Psychologists should blog phenomenology instead – drop the pretense!
These are 100-500 words each. (My web-book pages are typically 1000-5000 words.)
You can Like and comment on Notes; please do! Several of you already have.
There’s a big problem with Notes: most subscribers may never see them. You won’t if you subscribe by email, unless you go to my Notes tab on the web to check. If you use the Substack app, they are available in your Following feed, but easy to miss.
(If you are not already using the Substack app, I recommend it; it’s surprisingly good!)
When I’m in writing mode, I could spin off several short pieces per week. I could make them substack Posts rather than Notes, but then you’d get an email (or app notification) for every one.
Do you want that? I’ve previously promised no more than one post per week; but we could reevaluate that?
Alternatively, I could list and link Notes in less-frequent general update posts, as I did above. Or, I could limit quarter-baked ideas to one per multi-topic update post, and include its full text as a post section there. Or, would you rather all my writing effort went into larger, more serious work—finishing another of my books-in-progress sooner?
Informal update posts: Like them? Or not!

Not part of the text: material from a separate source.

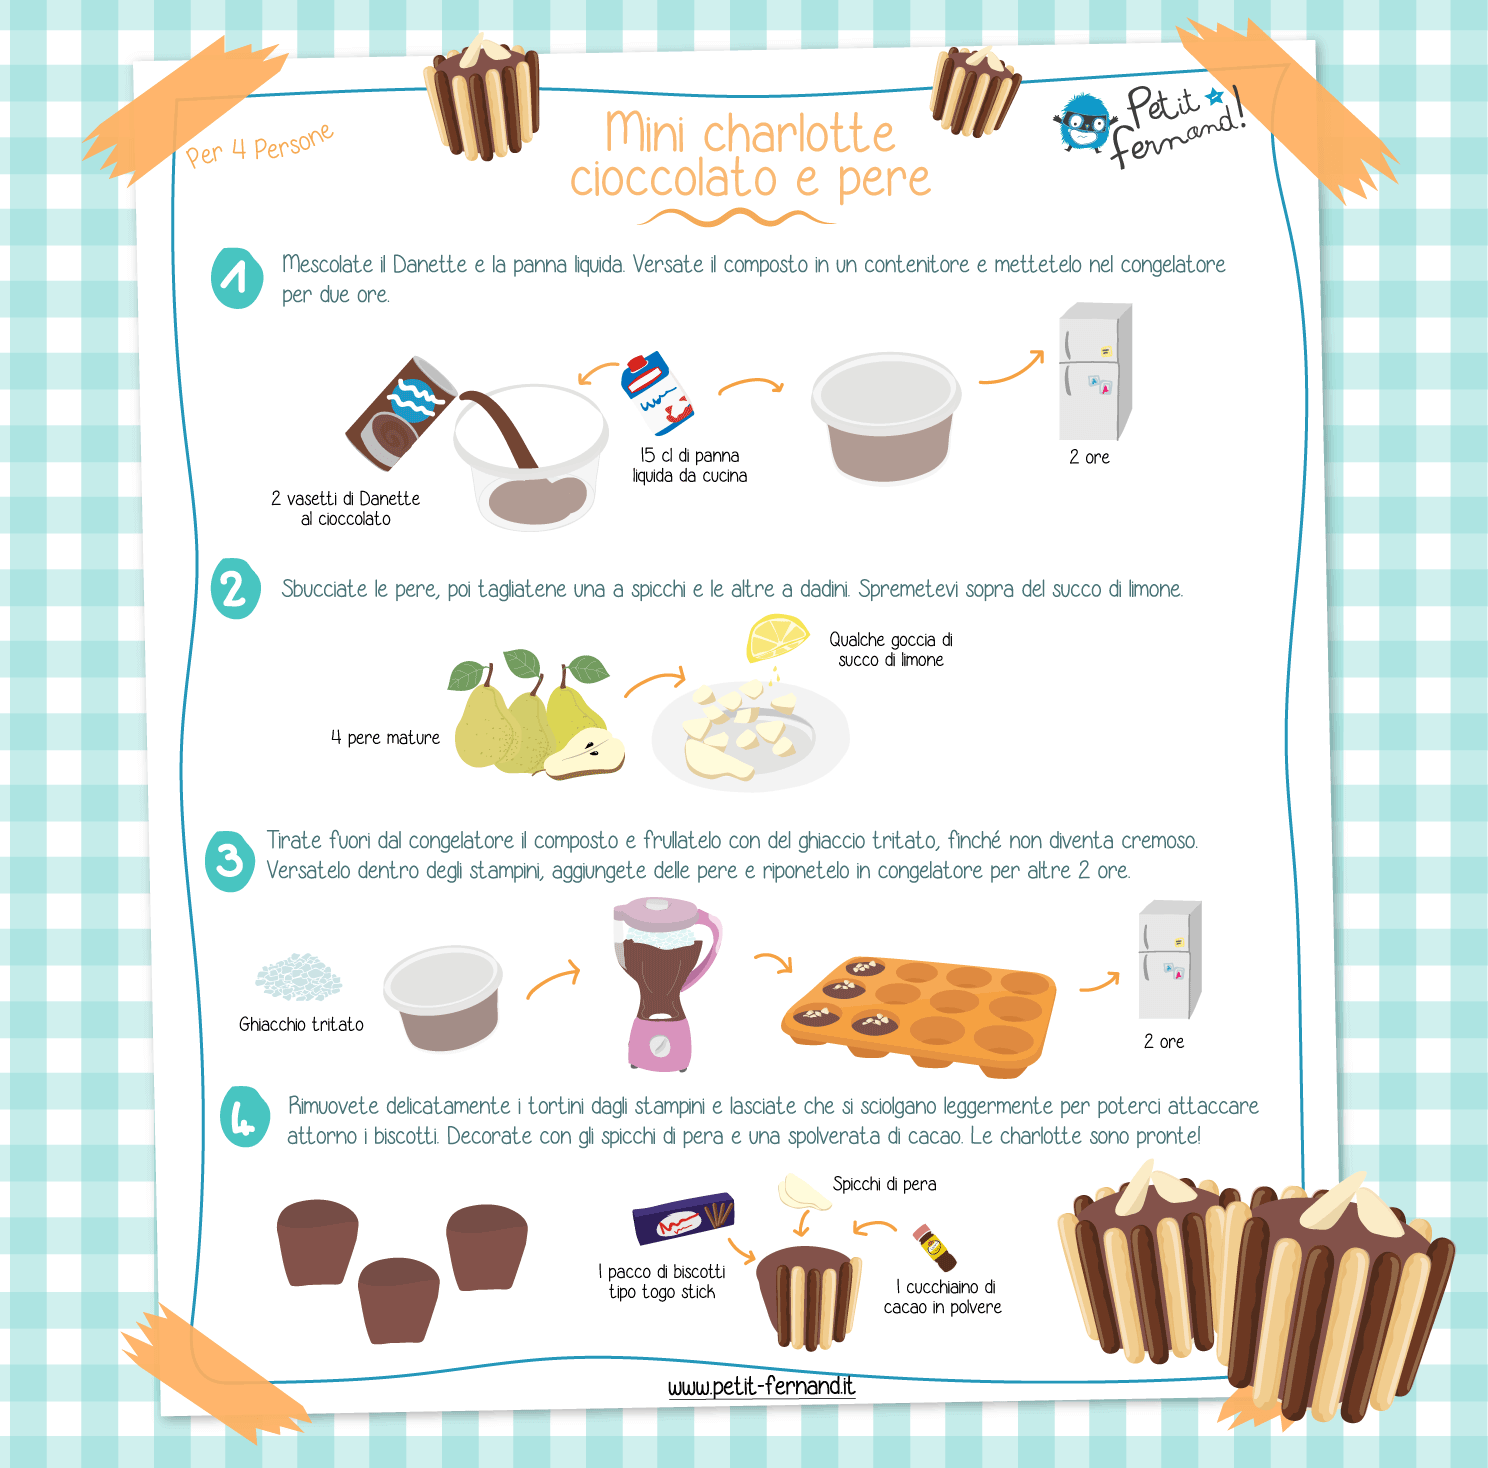 Scoprite questa ricetta per preparare delle super golose charlotte cioccolato e pere!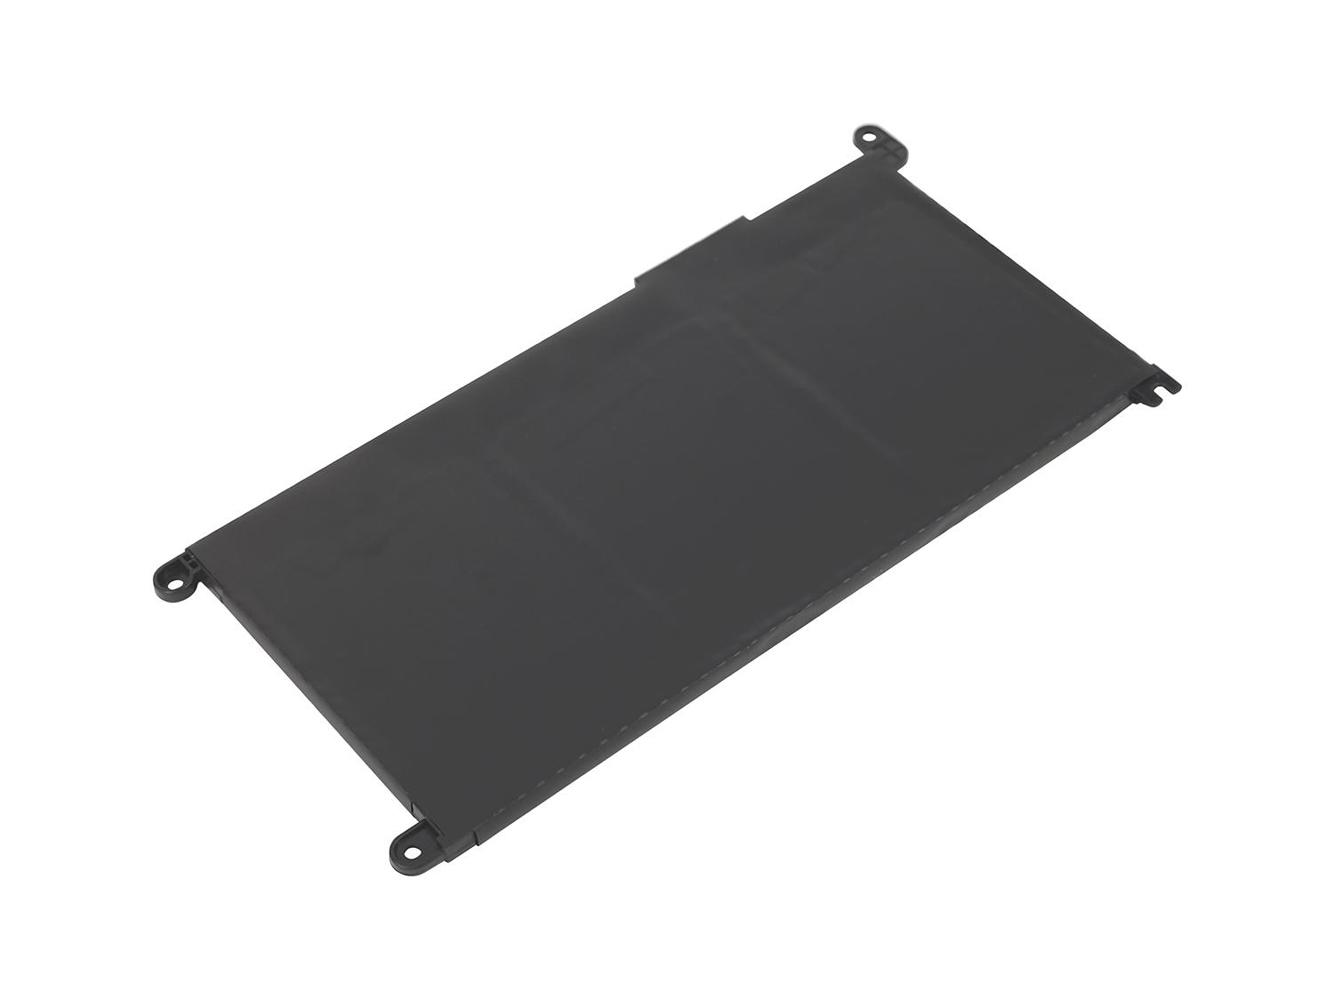 Remplacement compatible pour batterie d'ordinateur portable Dell Inspiron 14 5485, Inspiron 14 5485 2-en-1

This post is a somewhat chatty letter about what I’m up to, covering multiple topics informally. Maybe reading these more often would be interesting for you?
I have mixed feelings as a reader myself—it’s great when someone explains how they doing something cool or unexpected; it’s time-wasting fluff cluttering my inbox otherwise.
So, how often do you want informal updates? Never? At limited intervals (once a week or once a month maybe)? Whenever there’s something I find interesting, regardless of how recently I posted one of these?
Better without AI: It’s a real book! You can buy it!
I feel silly saying this again, since I’ve already tweeted it 4,237 times, and mentioned it repeatedly in the newsletter. However! I discovered last week that several people who follow me closely on twitter were somehow still unaware that, yes:
Better without AI is a finished book, which you can buy as a paperback or Kindle.
So they promptly did.
Browsing through your older posts, I was glad to see an actual writing queue listed out. I voted for the 'balance' option on your time poll here, but in retrospect I seem to find myself in agreement with the majority atm on book completion. Myself, I would personally be really interested to see what the complete stance chapter of Meaningness would look like. (Congrats on publishing Better Without AI btw)
Instead of posting notes, stockpile them, group them, and queue them up as newsletter posts for those weeks when you come down with a cold, or an unexpected life circumstance gets in the way. That would ensure a regular heartbeat of published writing. And it would come from only one delivery channel that we need to watch, which is my email inbox.